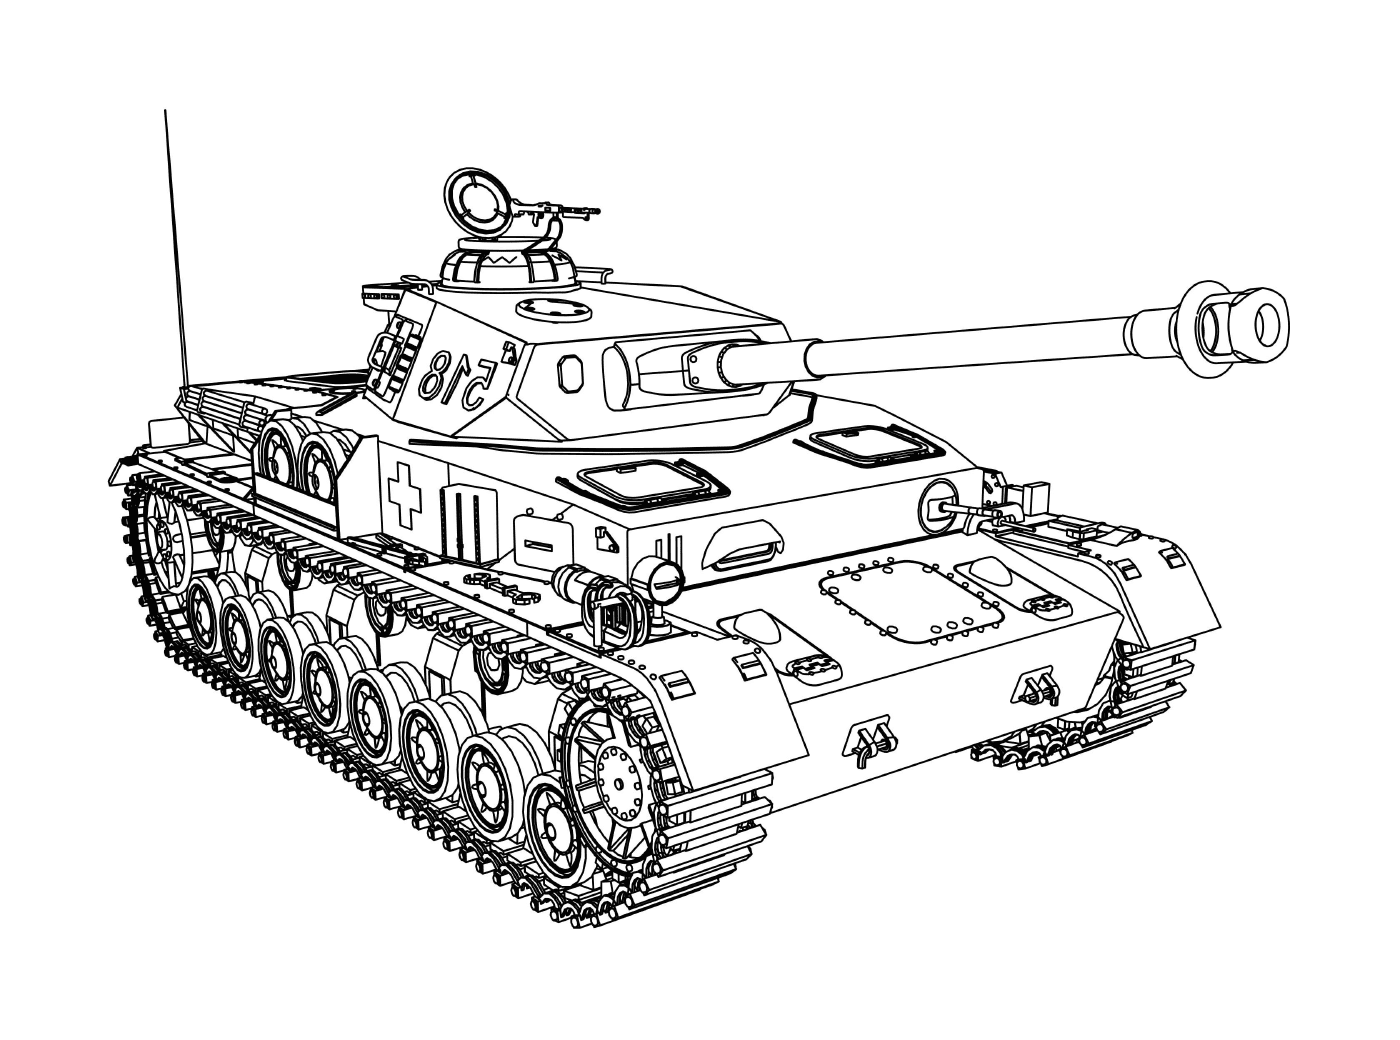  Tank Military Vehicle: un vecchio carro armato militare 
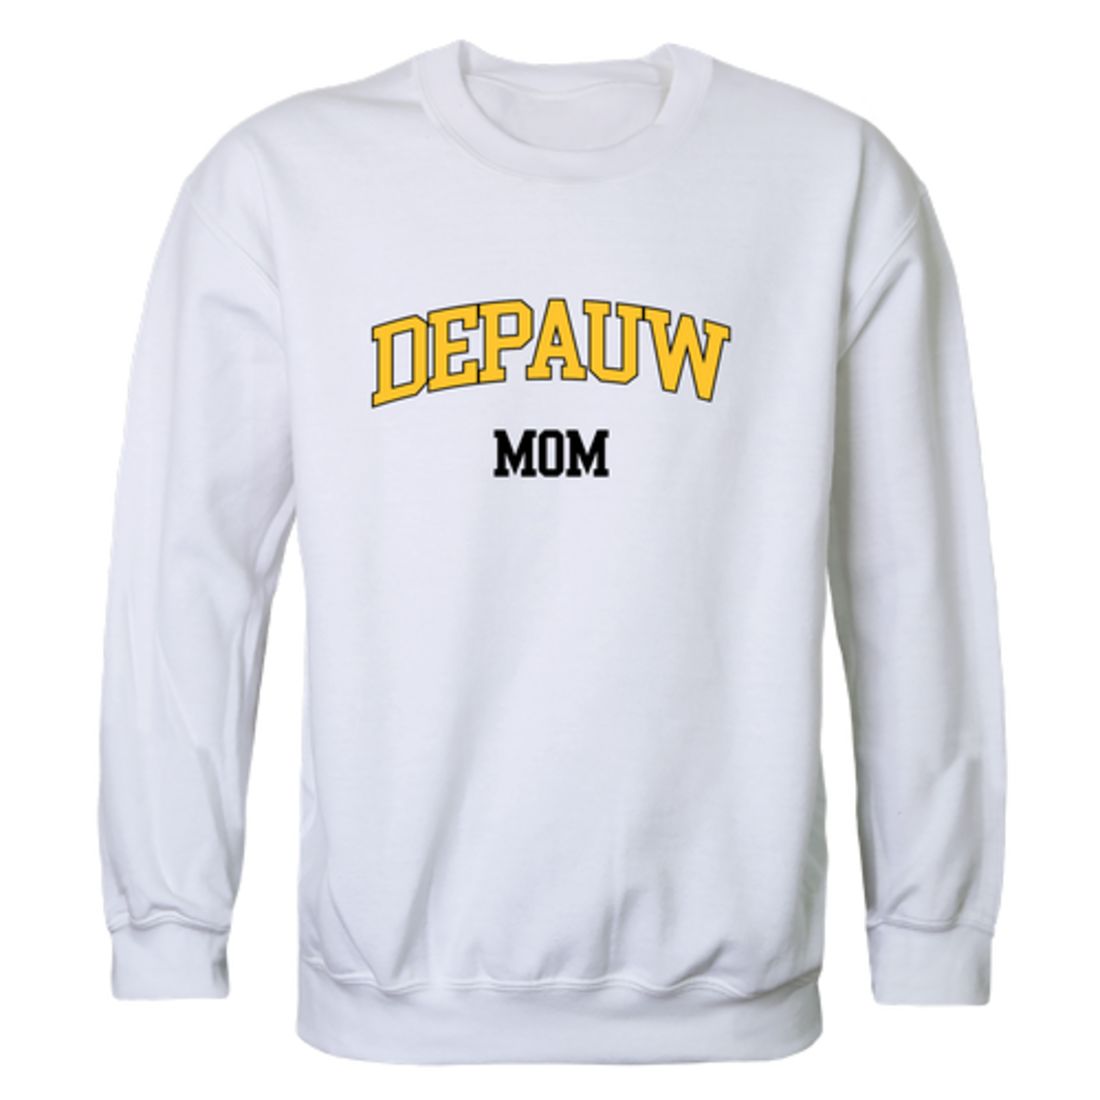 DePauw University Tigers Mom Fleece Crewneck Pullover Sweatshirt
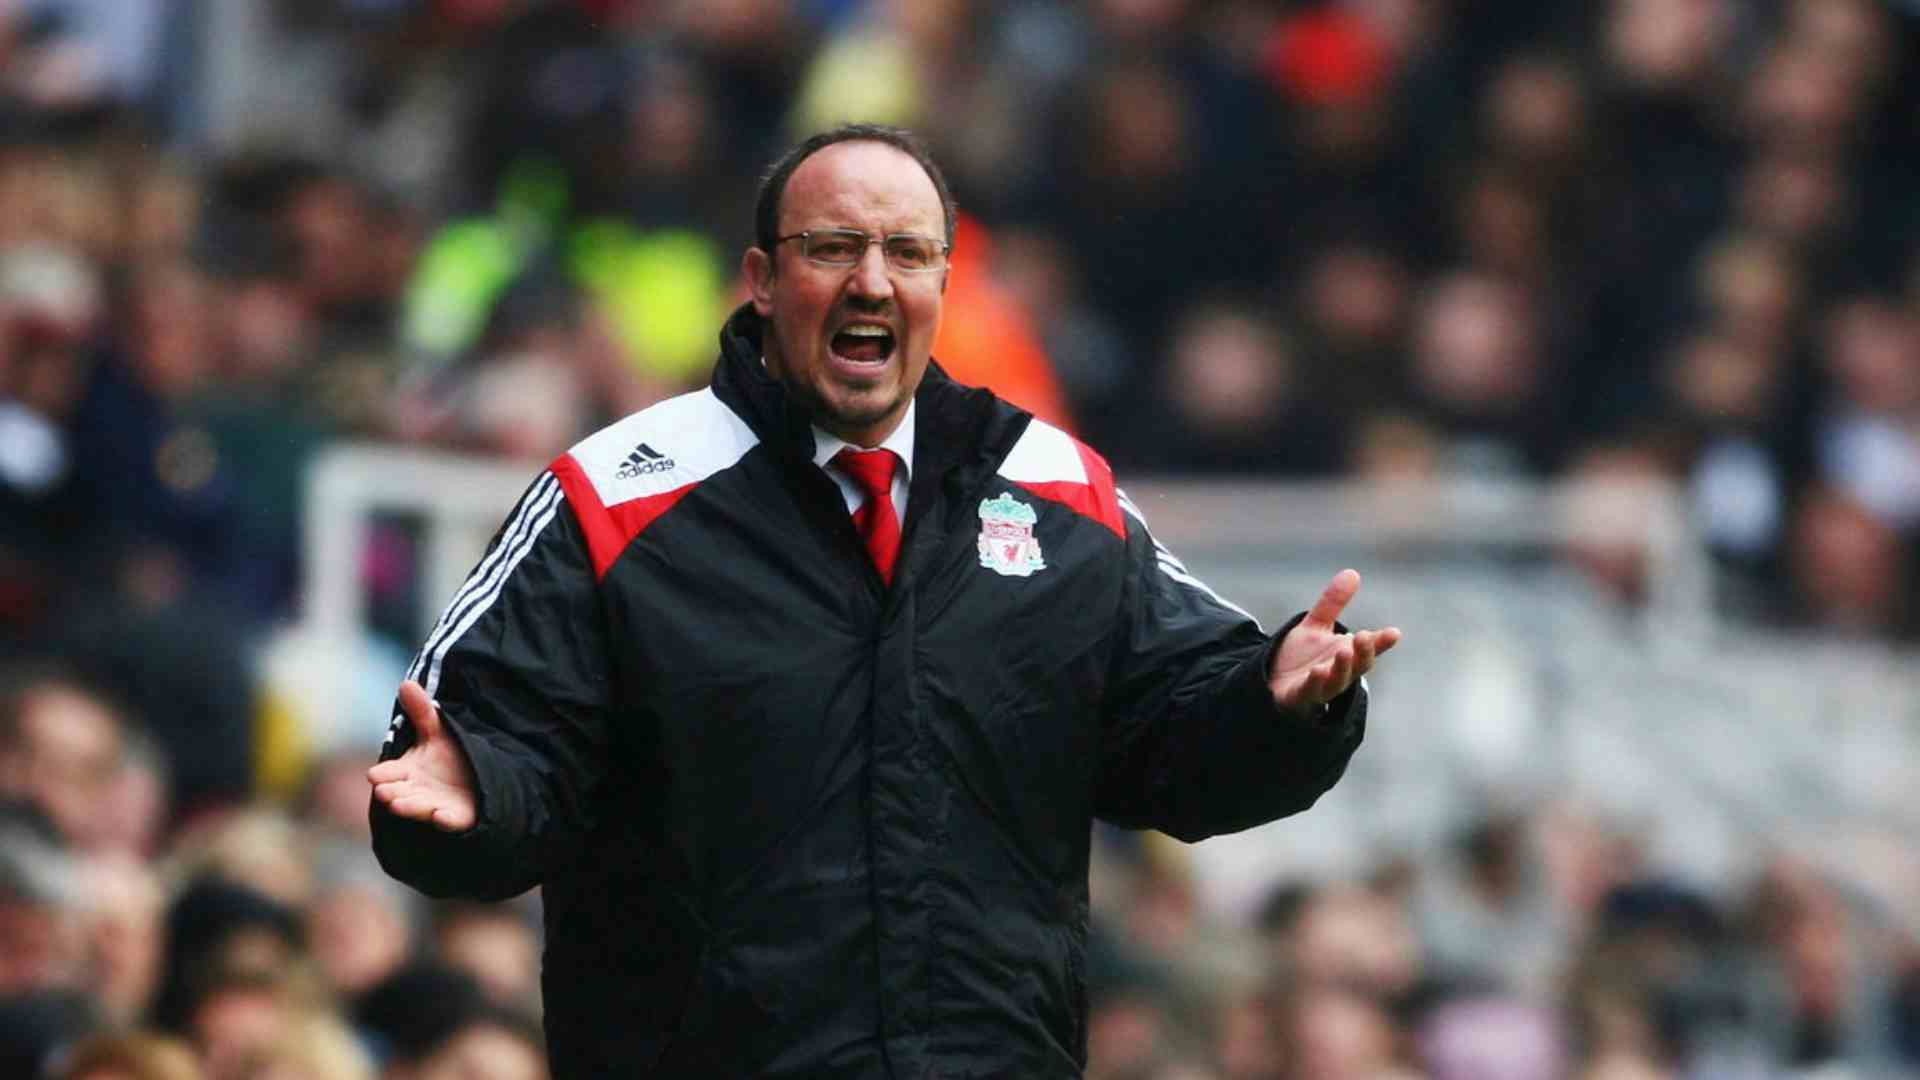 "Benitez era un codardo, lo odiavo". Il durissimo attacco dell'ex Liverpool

◆ **TO DO**
What is needed is the full material, retyped unchanged, with no pictures in it.

◆ **OUTPUT BELOW**
  Tank Military Vehicle: un vecchio carro armato militare 
 DePauw University Tigers Mom Fleece Crewneck Pullover Sweatshirt
 "Benitez era un codardo, lo odiavo". Il durissimo attacco dell'ex Liverpool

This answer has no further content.